Trying to fit in at a new job can be tricky. Alliances have already been made, everyone already has a role, and it’s tough to walk in and find your own place. When she started her new job, she quickly discovered that the employees didn’t like “the deaf guy,” but she wasn’t going to join in with them without digging a little deeper…
Far and away the most hated person in my carpentry shop is the deaf guy. I’ve only been working there a year and everyone thinks he is the most vindictive, hateful, selfish, paranoid human to walk the earth. He’s easily the hardest worker there. I can tell you with confidence that he has generated the most money for the company of anyone there. He absolutely OWNS his portion of the shop. He has it down like clockwork and doesn’t waste a second.
All that being said, he throws an absolute rabid fit whenever anything out of routine happens and he won’t look anyone in the eye and he calls everyone lazy.
After a month of working there I started to learn ASL (American Sign Language). I learned a few things at home and would say anything that I could to him.
“Happy Monday” “how are you” etc. I learned how to ask about words, how to spell things, how to sign numbers. Pretty soon he’s teaching me a word a day, then it speeds up to 3-5 words a day. Fast-forward a year and we talk constantly.

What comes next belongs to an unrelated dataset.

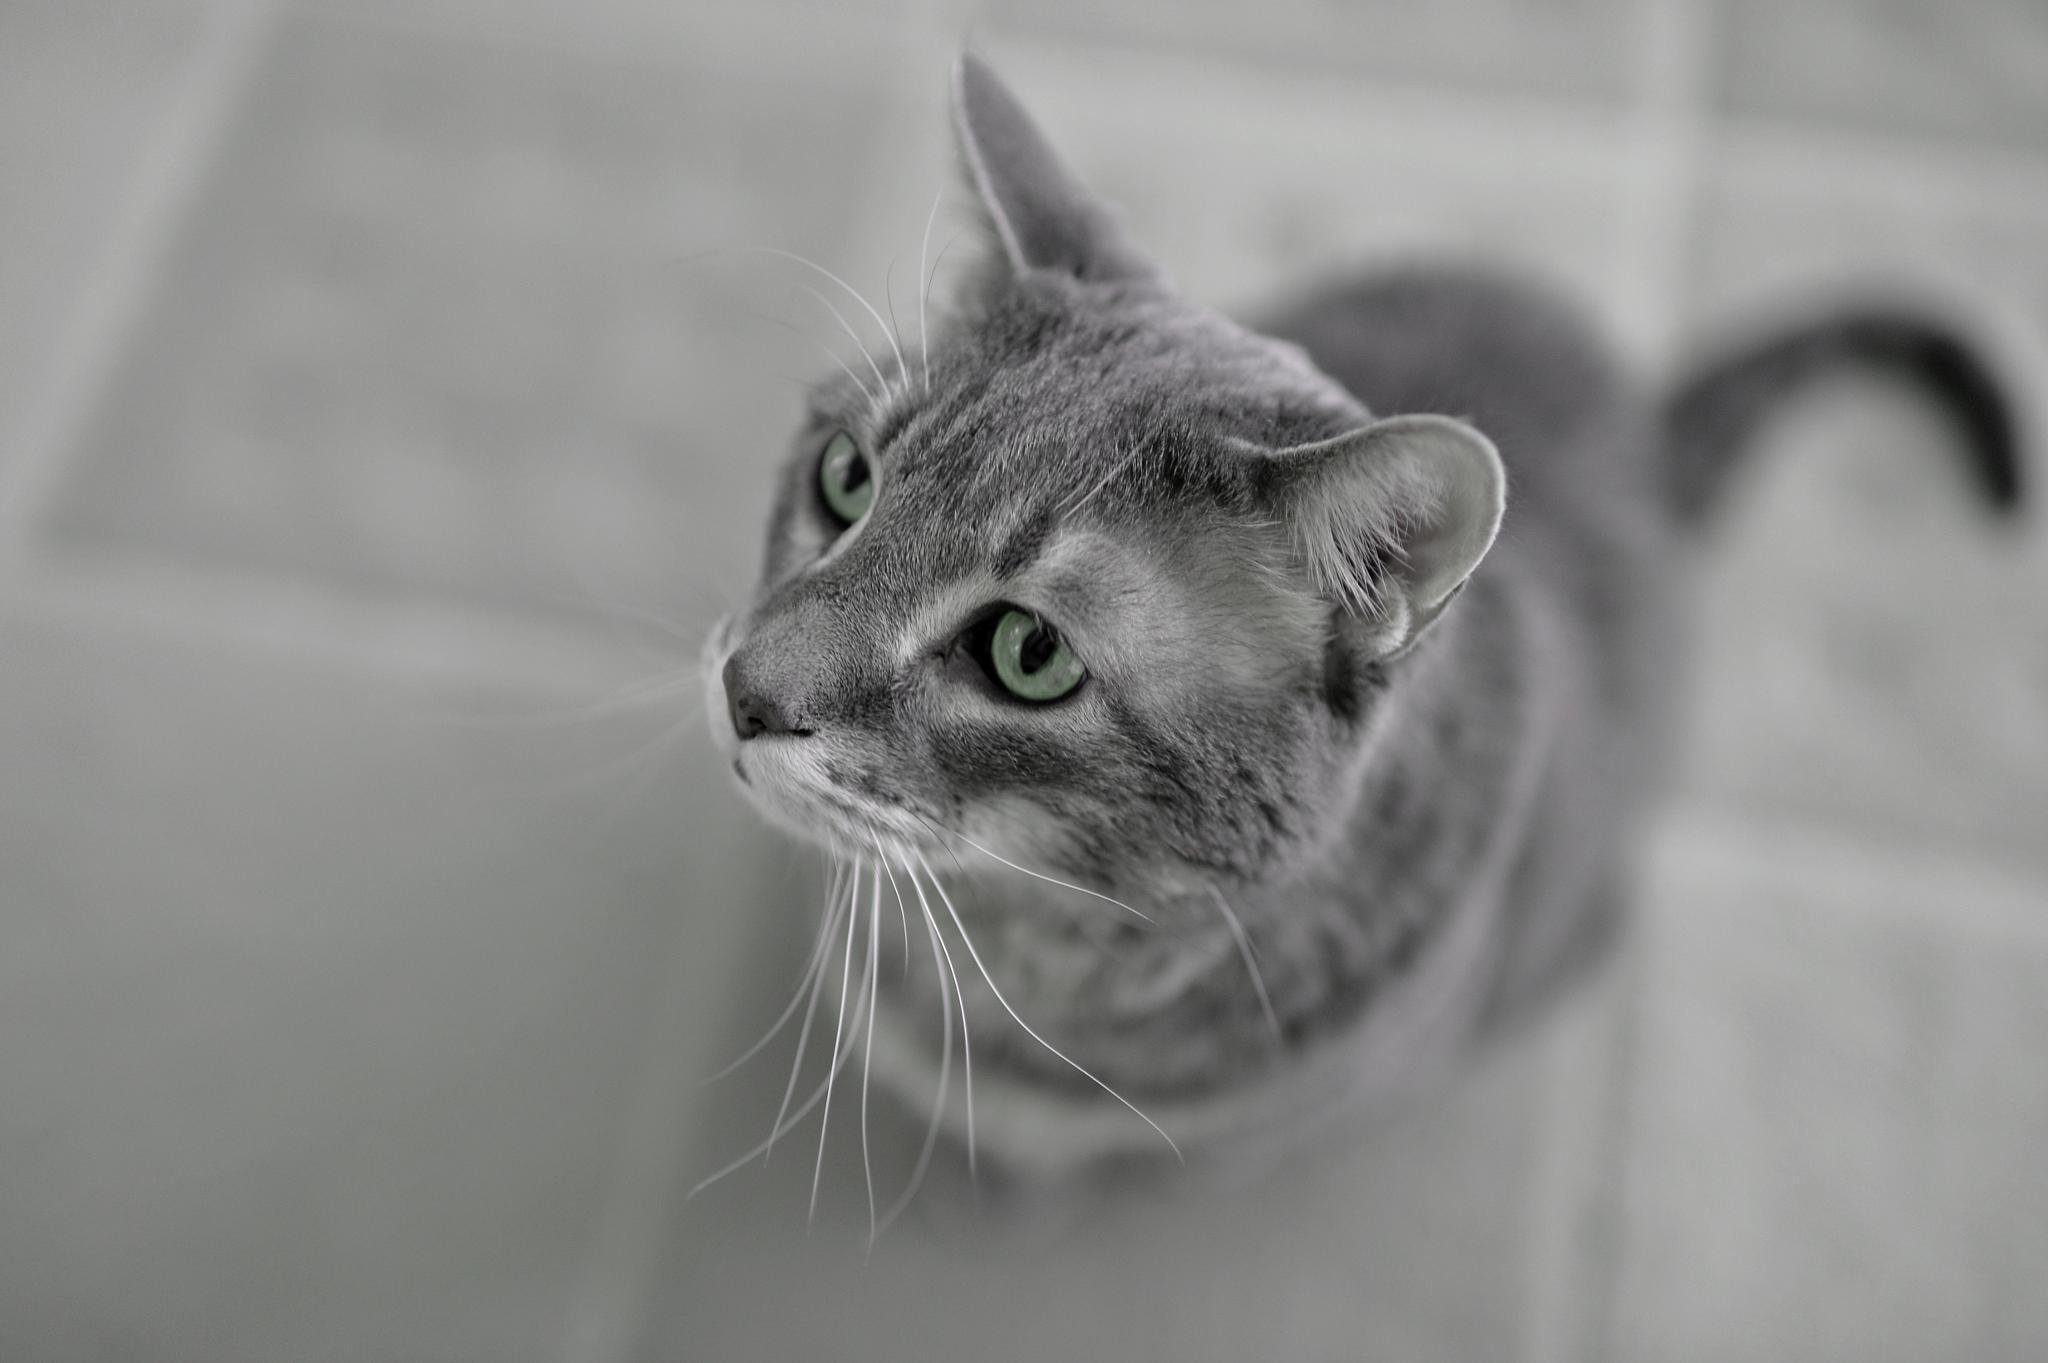 Cat by David Lam

What I learned is that he gets mad because he’s been passed up for promotions because he’s deaf. People don’t tell him when overtime is available which he wants. He sees people coming in late and still taking breaks and he NEVER breaks those rules. He gets mad that no one ever tells him about new machines being bought or new jobs coming in or the gossip. I unknowingly became his liaison. He stopped fighting with people. He’s able to get all of the jokes we tell at lunch because I can translate. He can joke back through me. Other people are learning sign language as time goes on too.
What I don’t get is why no ever gave him the benefit of the doubt. It would suck to be deaf and never know what was going on. Some people have worked with him for 15+ years and no one ever learned any ASL (outside of the curses). He thanked me recently for being a good friend. He said things are a lot better now.
Hopefully, we would do the same…but the truth is that we are all too often on the side that is too quick to judge. She shared her story in order to inspire others not to jump to conclusions. In her case, it paid to give him the benefit of the doubt instead of joining in with the new coworkers’ bias.